Ya me asalta la duda si el reverdecer del roble es más bien una gracia o un castigo, si la vida de cada cual, aun en su brevedad, no es bastante larga cuando se la sabe aprovechar. No, no es a la muerte a la que temo, sino el momento en que sobrevendrá. ¡Cómo envidio por su muerte a Quilón, el sabio que murió de alegría por la victoria de su hijo en los juegos Olímpicos, o a Sófocles que expiró en medio del regocijo por el triunfo de uno de sus dramas! ¡Qué apacible fue el fin del progenitor de mi divino padre: por la mañana, al calzarse los zapatos, o el del cónsul Juvencio Talna, al hacer su sacrificio en el templo, o el del actor Ofilio Hilaro, durante su propio ágape!
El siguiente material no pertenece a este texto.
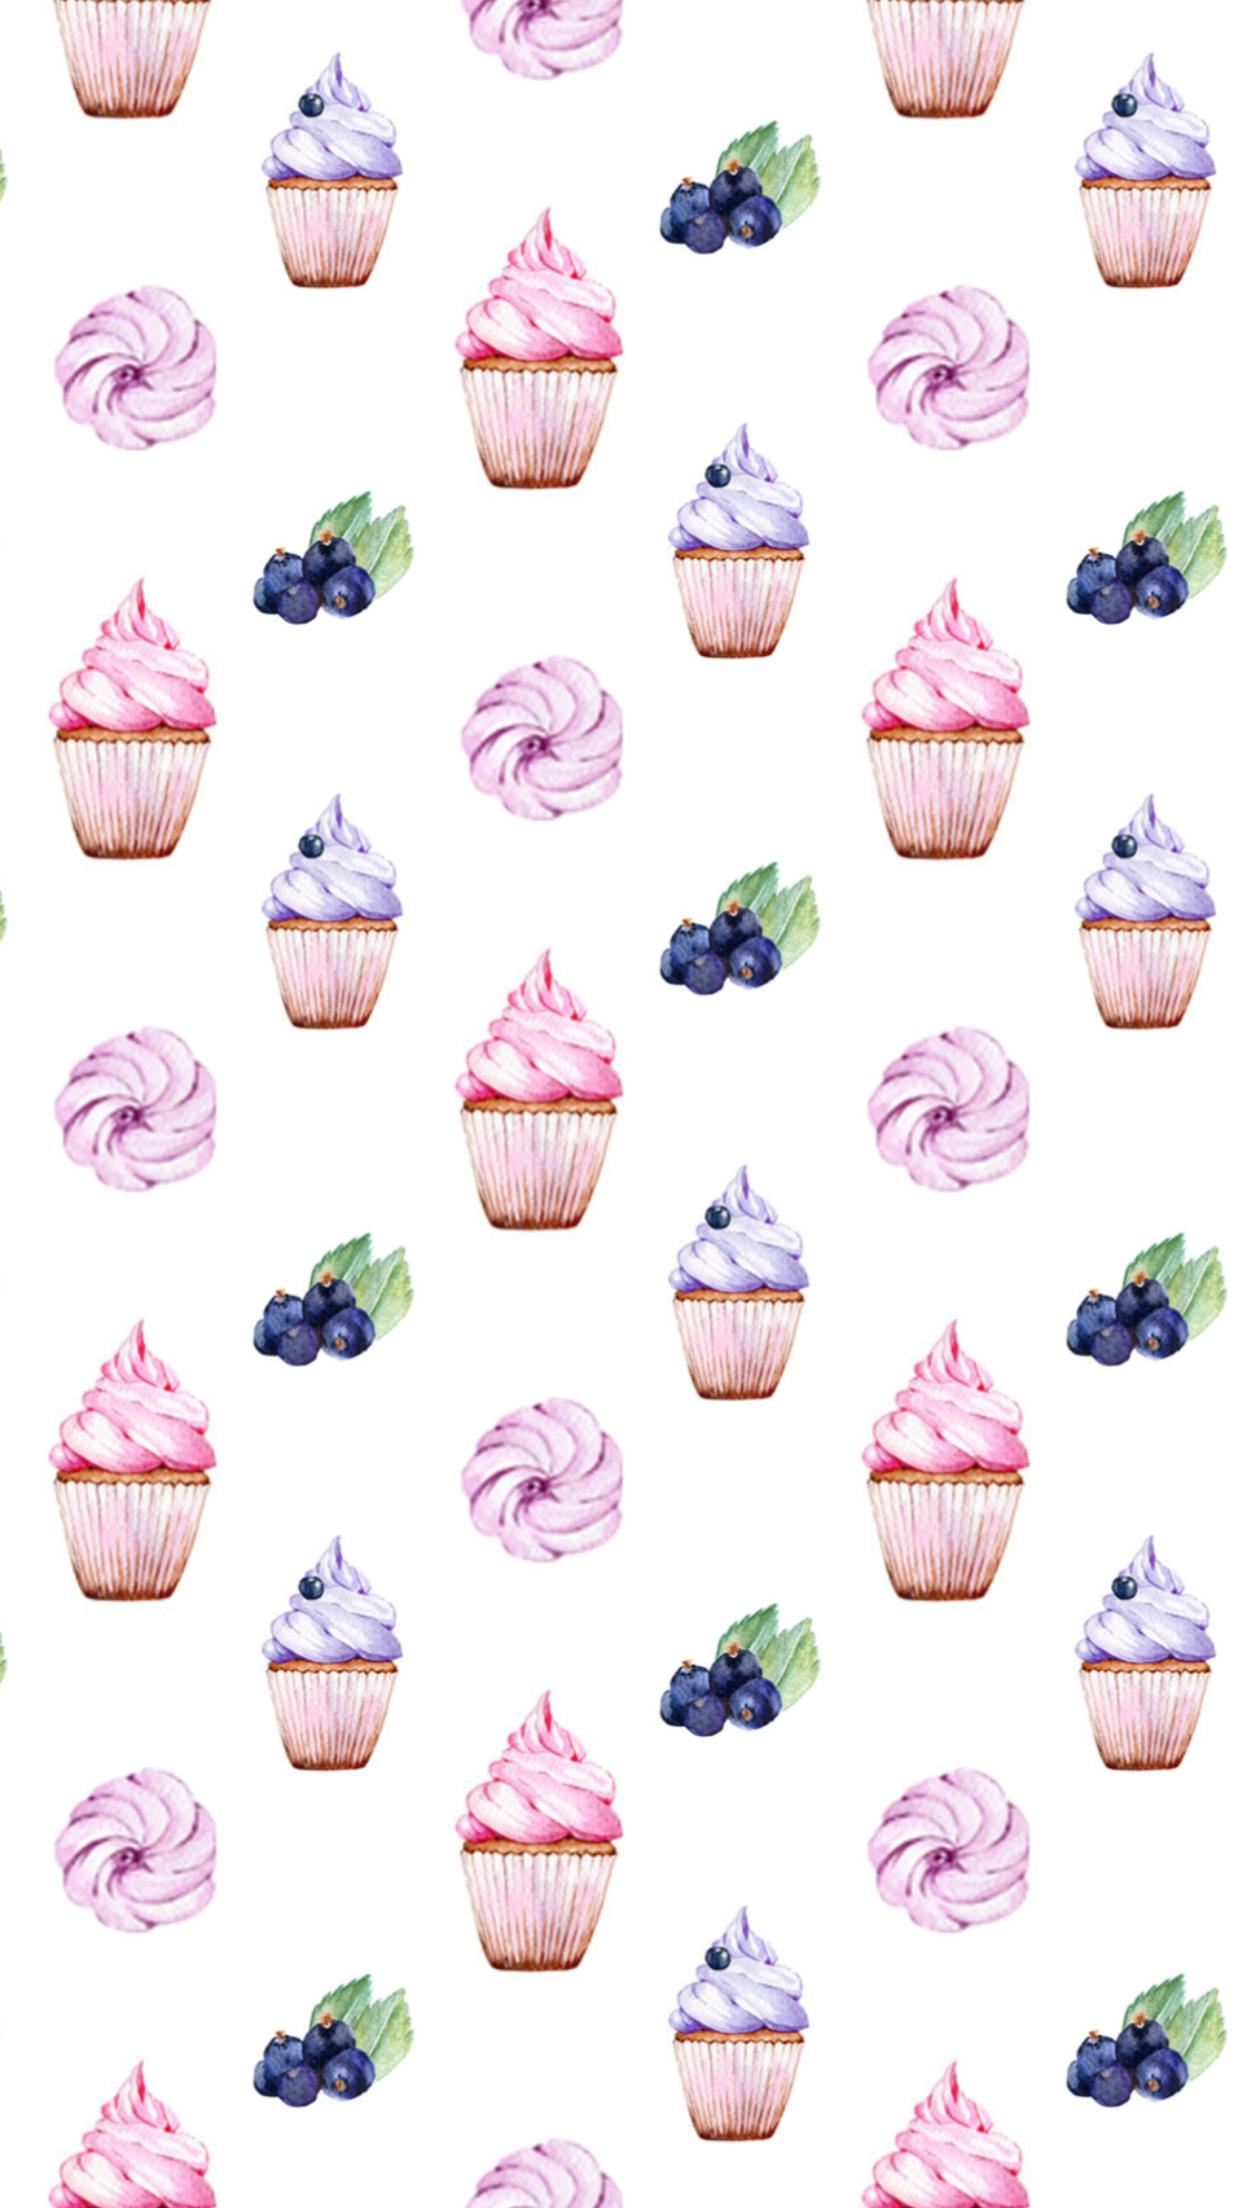 Cupcakes Blues Berry Prints Vintage Paper Wallpaper

Pero las más bellas de las muertes las tuvieron el pretor Cornelio Galo y el Caballero Tito Hetercio: dejaron de existir mientras hacían el amor. ¡Oh, Venus, si pudieras concederme igual suerte!


Yo, Polibio, liberto del Divino Augusto y experto en el arte de la escritura, me lamento ante la divinidad de Venus. ¡Apenas escapado de la muerte cercana, el Divino quisiera morir durante el acto de amor! Se me ocurre que su razón no es del todo clara ya. Jamás hubiese creído que un César moribundo atrajera tantos curanderos, agoreros y astrólogos. De este modo hasta morir se convierte en un negocio. Intento figurarme cómo yo, Polibio, dominaría la situación. La muerte de un escriba le es indiferente a los vaticinadores, por lo tanto, no ofrezco condiciones para semejante situación, ni me preocupo por ello. Sin embargo, la vida es el arte de extraer conclusiones correctas de falsas premisas.

Загрузка...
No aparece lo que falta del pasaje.